I should explain that Elmo is the dog Eddie has been trying to train for the last two months or so. His assignment, the thing he has to do to earn his mastery, is to train a dog as a therapy animal whom even Eddie thinks cannot be trained. The first hard part was finding a dog he honestly considered untrainable, when lots of dogs who would merely be difficult to train beckoned at the shelters. And then there was the philosophical problem of being assigned to train an untrainable dog.

"If I succeed, and end up with a trained therapy dog," Eddie had said to me, "does that mean I have to start over with a new dog? Or, if I fail with the dog, does that mean I've failed my assignment and I have to start over with a new dog? Or just not earn my ring?"

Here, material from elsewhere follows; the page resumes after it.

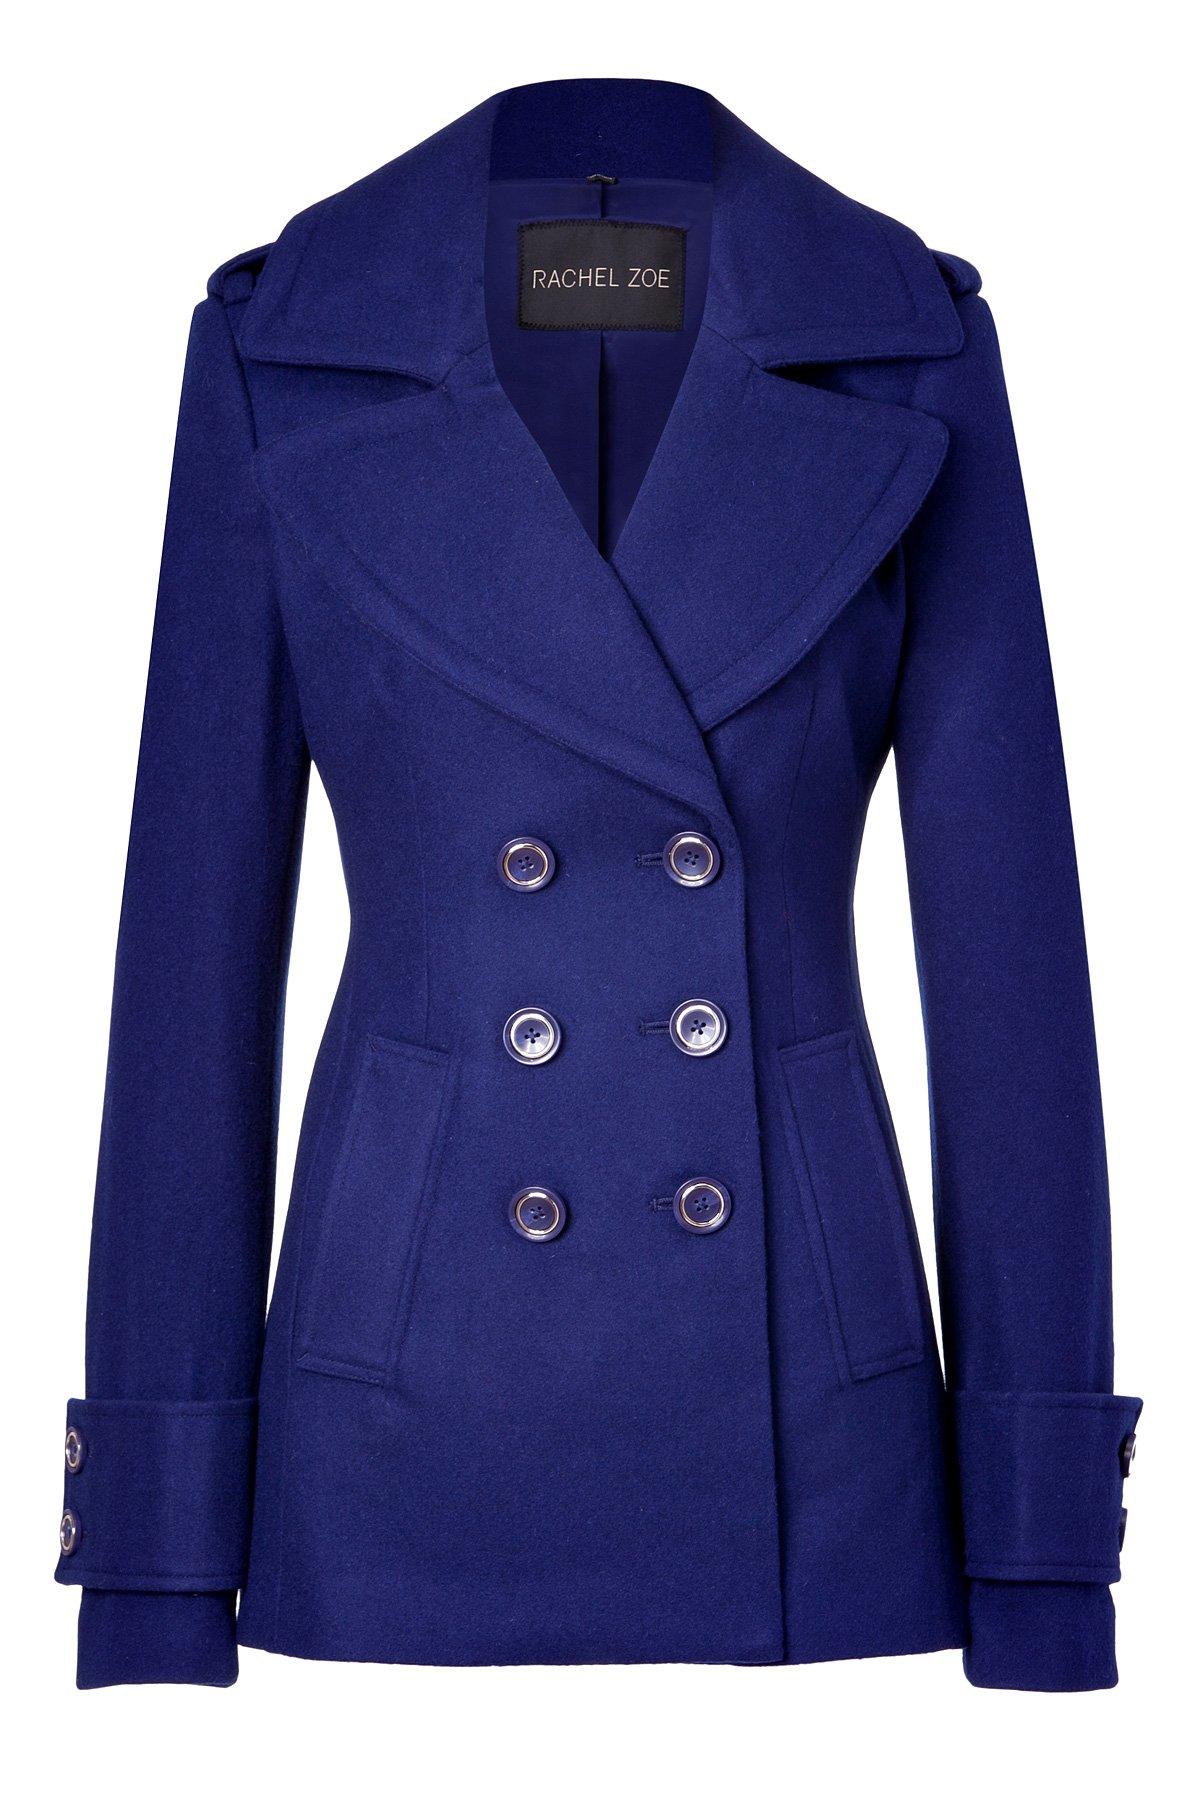 Rachel zoe Royal Blue Woolblend Fay Pea Coat in Blue | Lyst

None of us have ever heard of a candidate who wanted to earn the green ring and couldn't do it, but there's always the fear one of us could be the first. The masters like to assign impossible tasks, after all, like training an untrainable dog.

"Are they trying to teach me to handle failure, or trying to teach me not to give up on long-shot dogs?"

But all such philosophizing and worrying went out the window in mid-April when Eddie found, and more or less fell in love with Elmo, an unsocialized and deeply traumatized animal whom three rescue organizations had each independently examined, despaired of, and left at the kill shelter. Eddie took him, moved him in to one of the barns on campus, and hasn't looked back.

It took until almost June to get Elmo moved in and settled then treated for various physical ailments so he could concentrate on his training. And then Eddie started working and, his optimistic assertions to the contrary, made no progress at all.

"He's scared," Eddie admitted. "He's scared of me, he's scared of strange noises, he's scared of the other dogs....He won't make eye contact with me, won't take treats, won't let us take his food bowl when he's done with it...." I'd seen the inside of Elmo's barn just once since he moved in, and there were 14 empty dog bowls inside, plus the one he was eating from. That was the morning of his eighth day. Since then, I'd learned, they had build a dividing wall of straw bales down the middle of the barn, with a kind of door in it for Elmo, so they could clean one half while he was in the other.

So, now this bite.

"How do you figure getting bitten is progress?" I asked.

"He was so scared after he did it," Eddie answered. "He thought I was going to kill him--and there are people who would have. But I didn't. And I won't. And afterwards, while I was huddling in the corner trying to get my head clear of the pain so I could do something, he came up to me. He seemed sympathetic. He's never approached me before. I think he likes me."